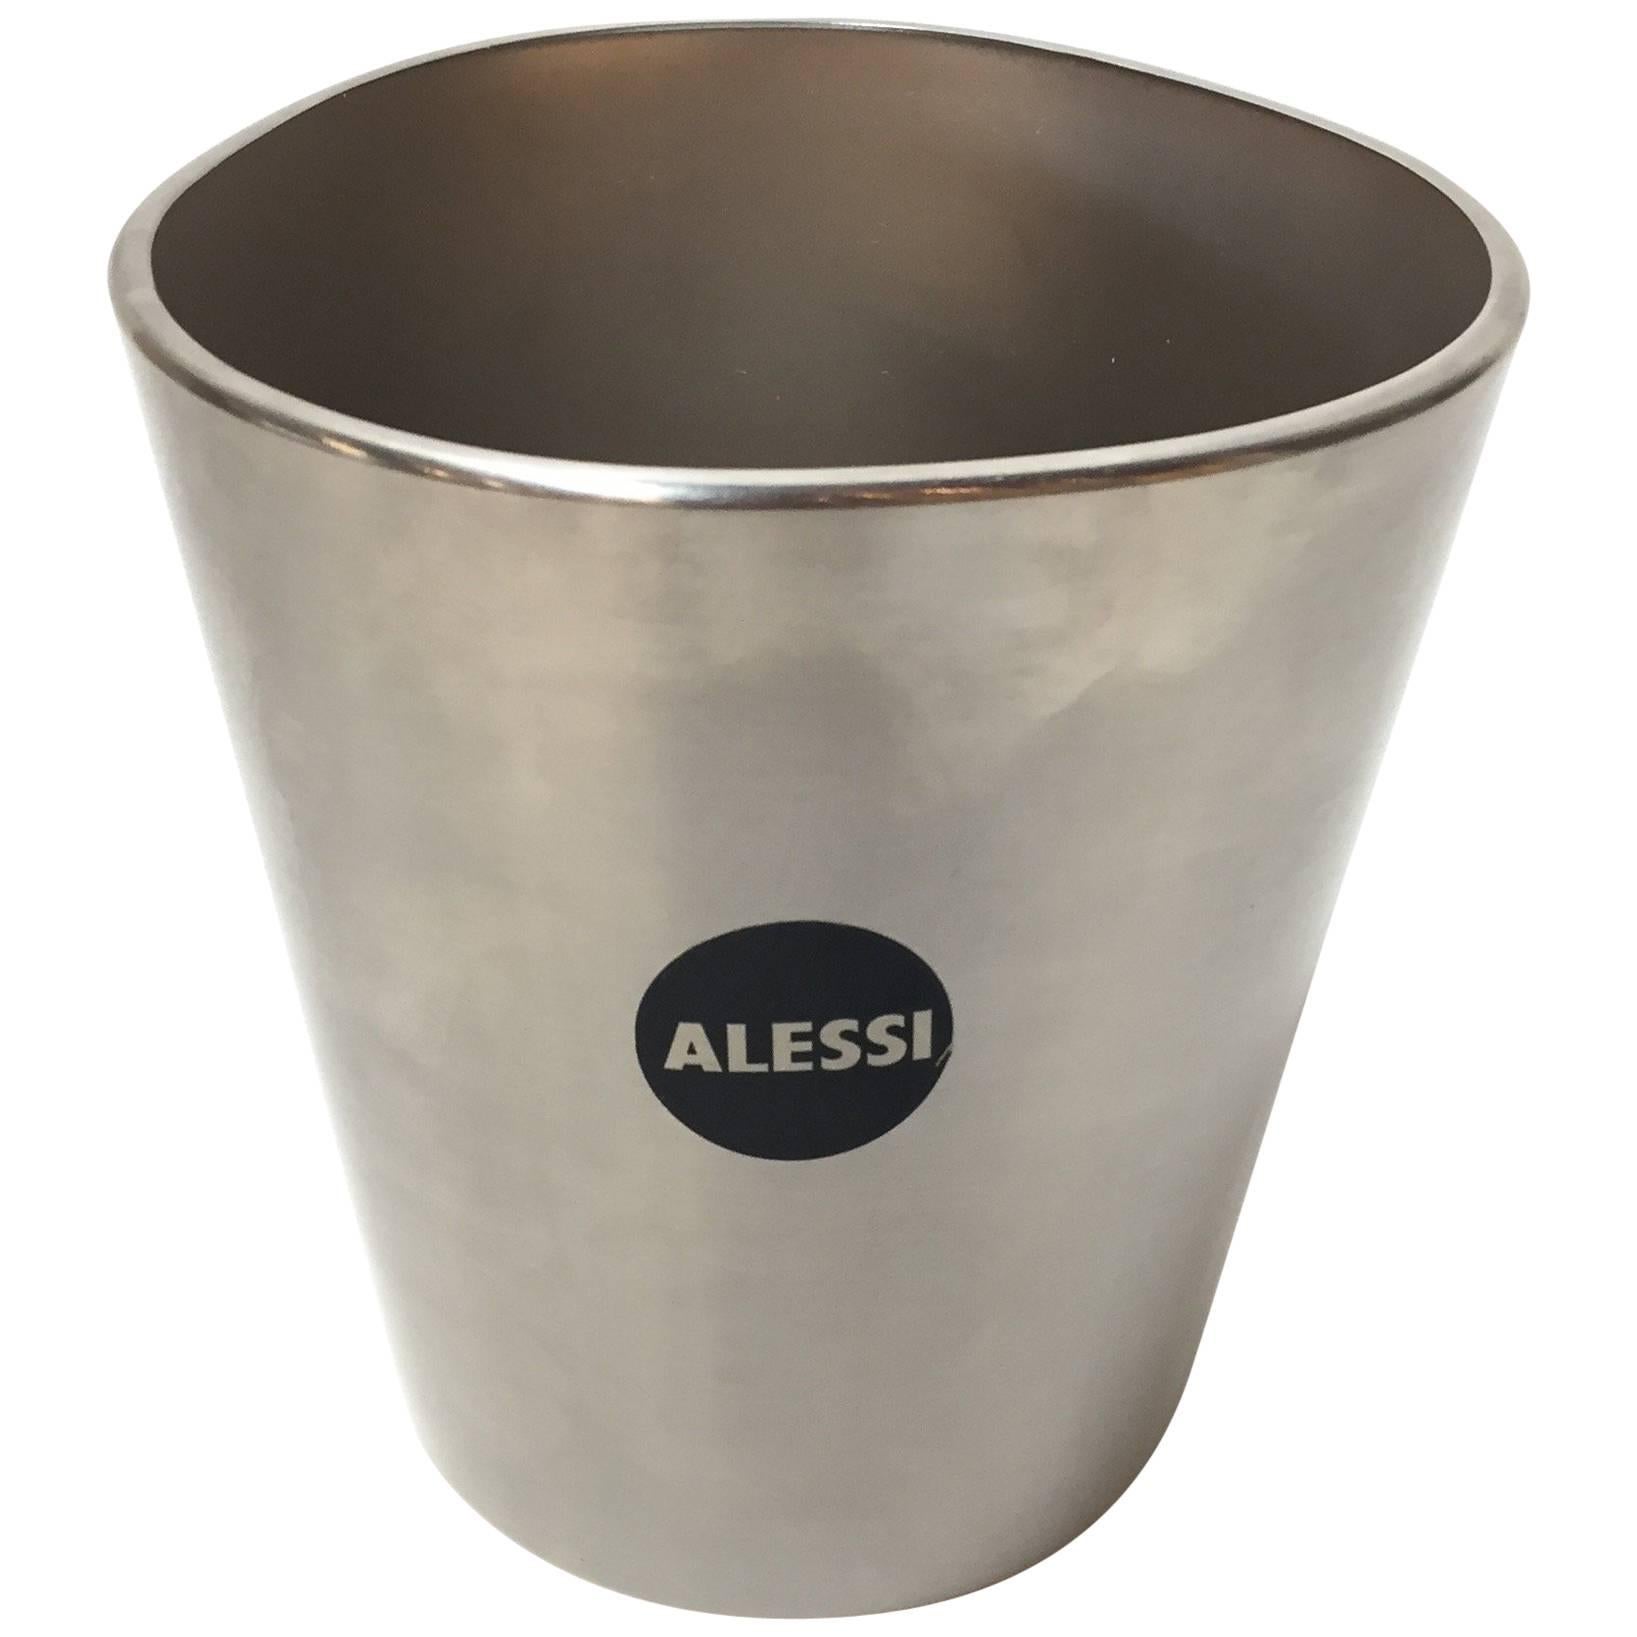 "Alessi" Ice Bucket by Jasper Morrison For Sale
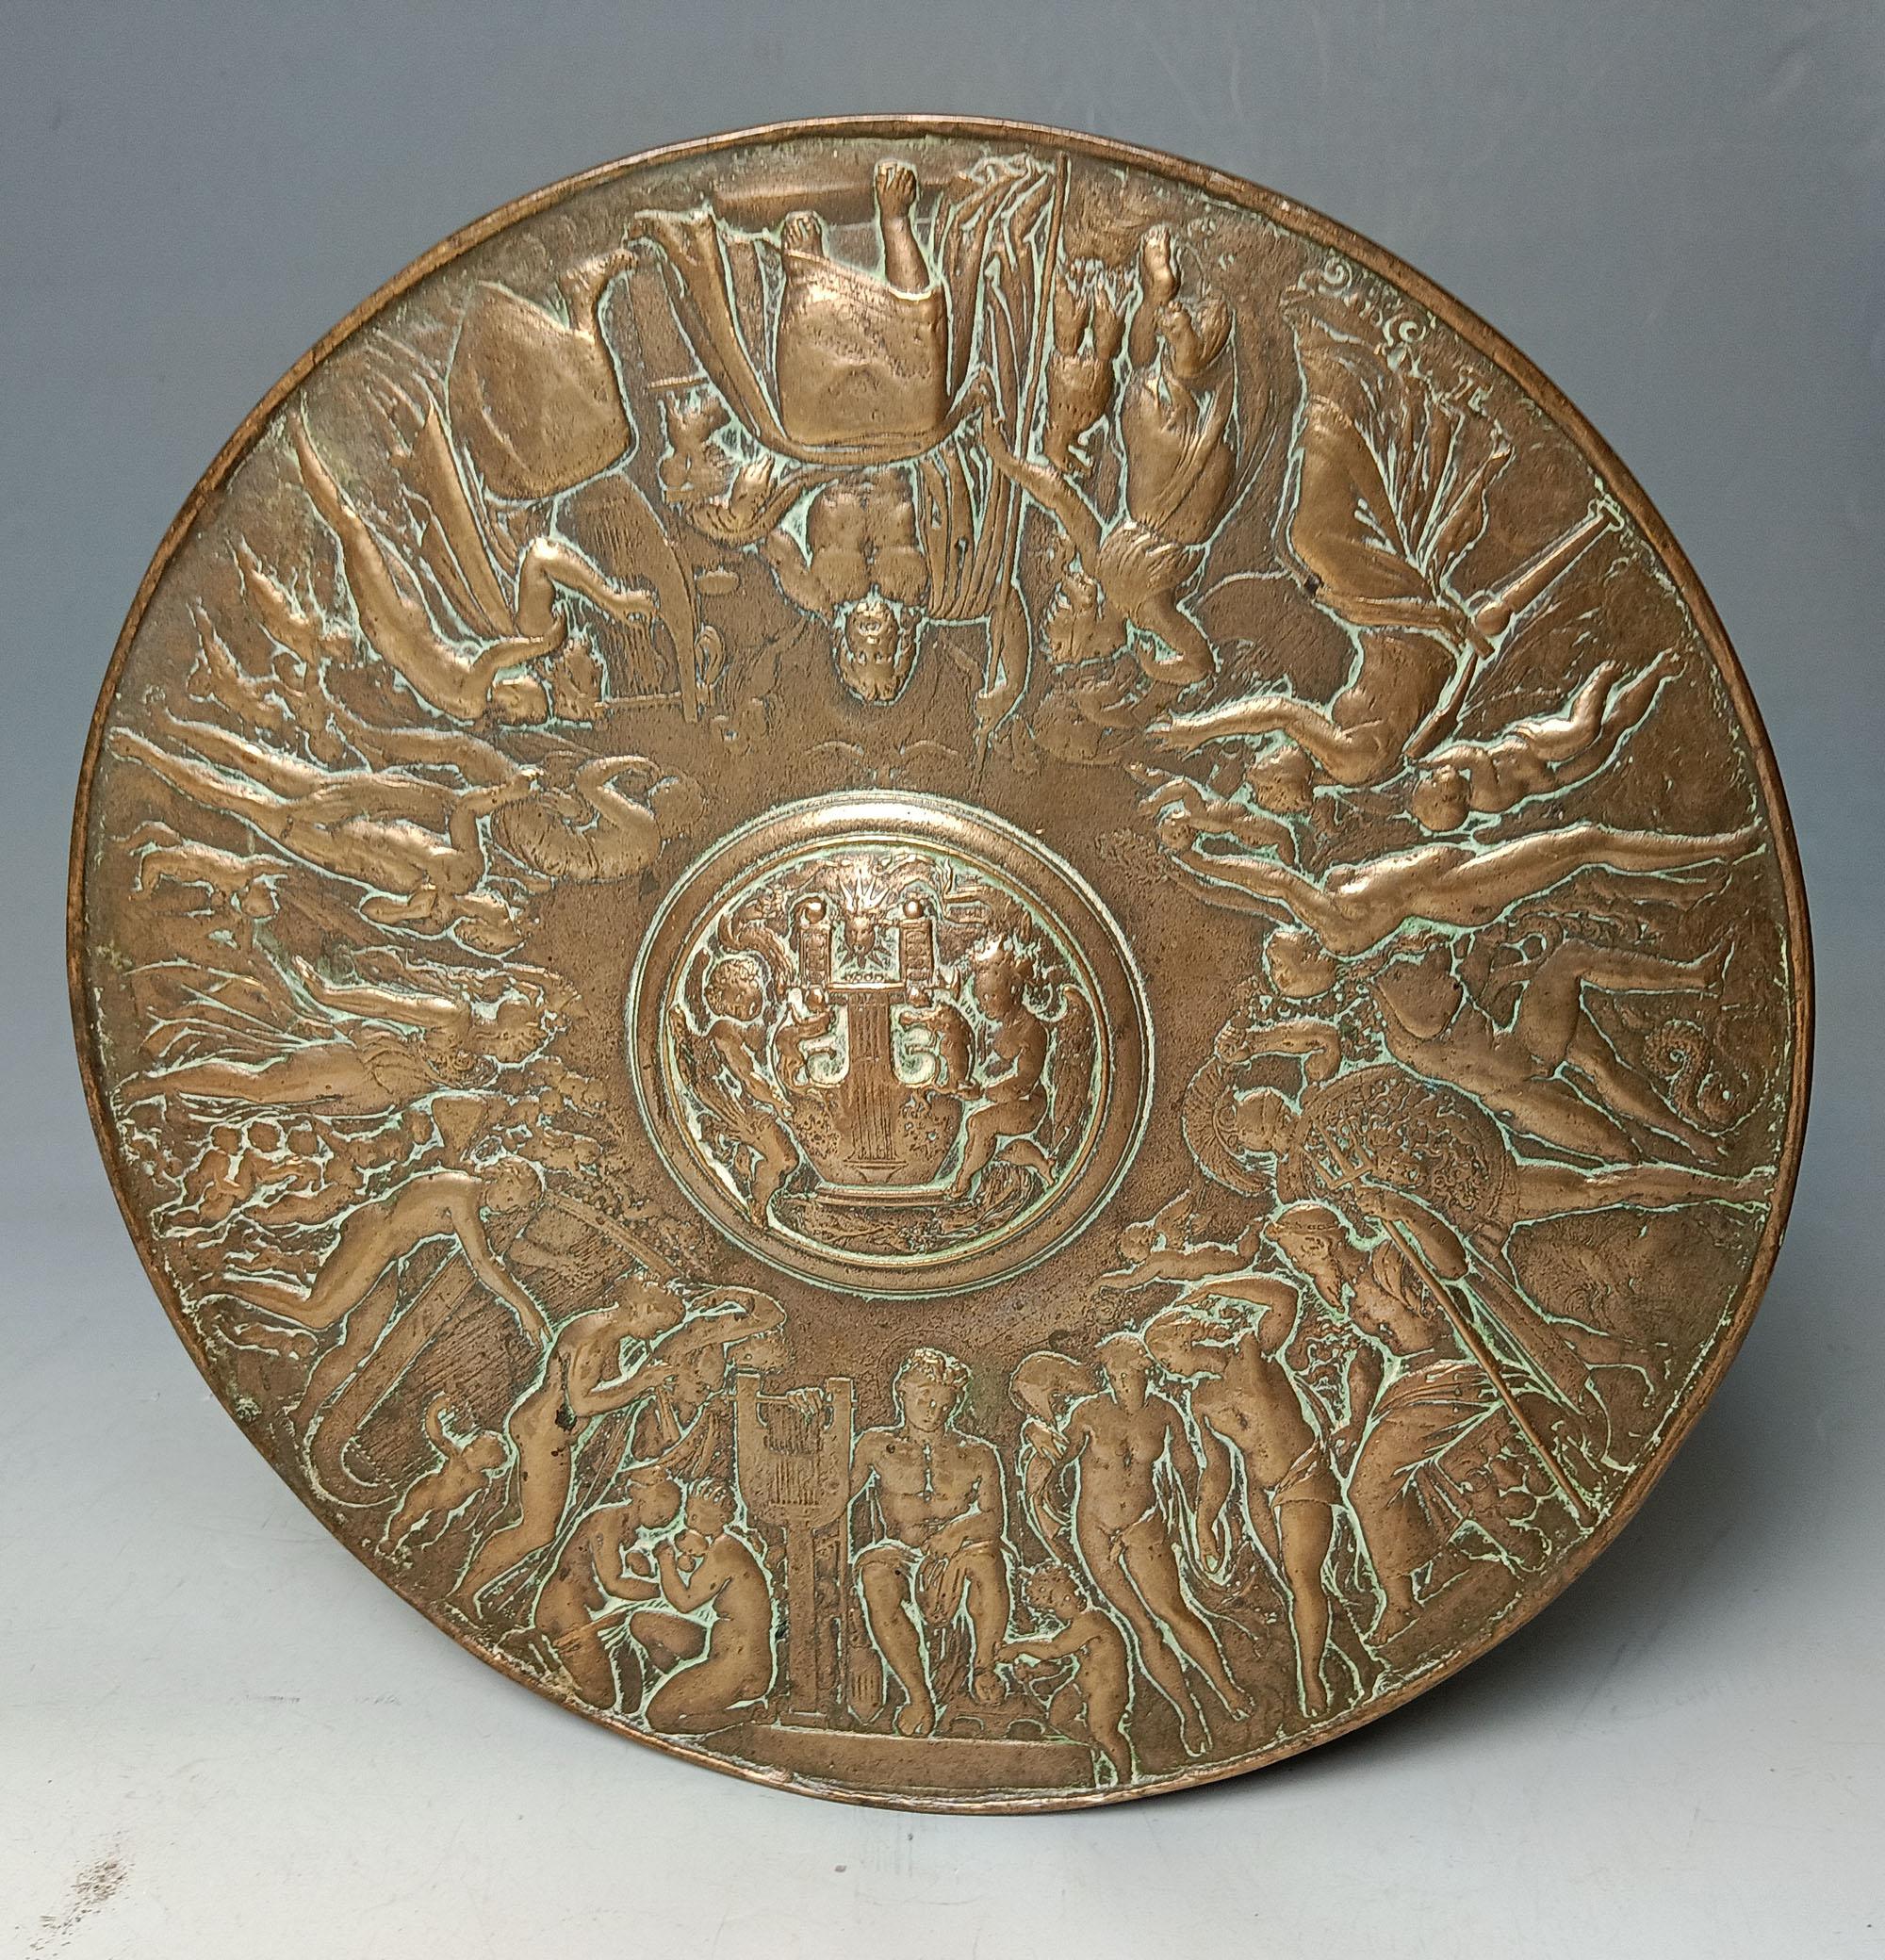 A Fine Large 19th century European Bronze classical style shield charger  
Finely decorated with Greek and Romanesque scenes, 
of figures in various pursuits. 
32 cm diameter.
Nice aged patina 
Very good condition,
Period 19th Century Probably a

^^^^^^^^

◆ Required action:
Repeat the data exactly as written, but without the pictures.

◆ Response for this exercise:
 "Alessi" Ice Bucket by Jasper Morrison For Sale
 A Fine Large 19th century European Bronze classical style shield charger  
Finely decorated with Greek and Romanesque scenes, 
of figures in various pursuits. 
32 cm diameter.
Nice aged patina 
Very good condition,
Period 19th Century Probably a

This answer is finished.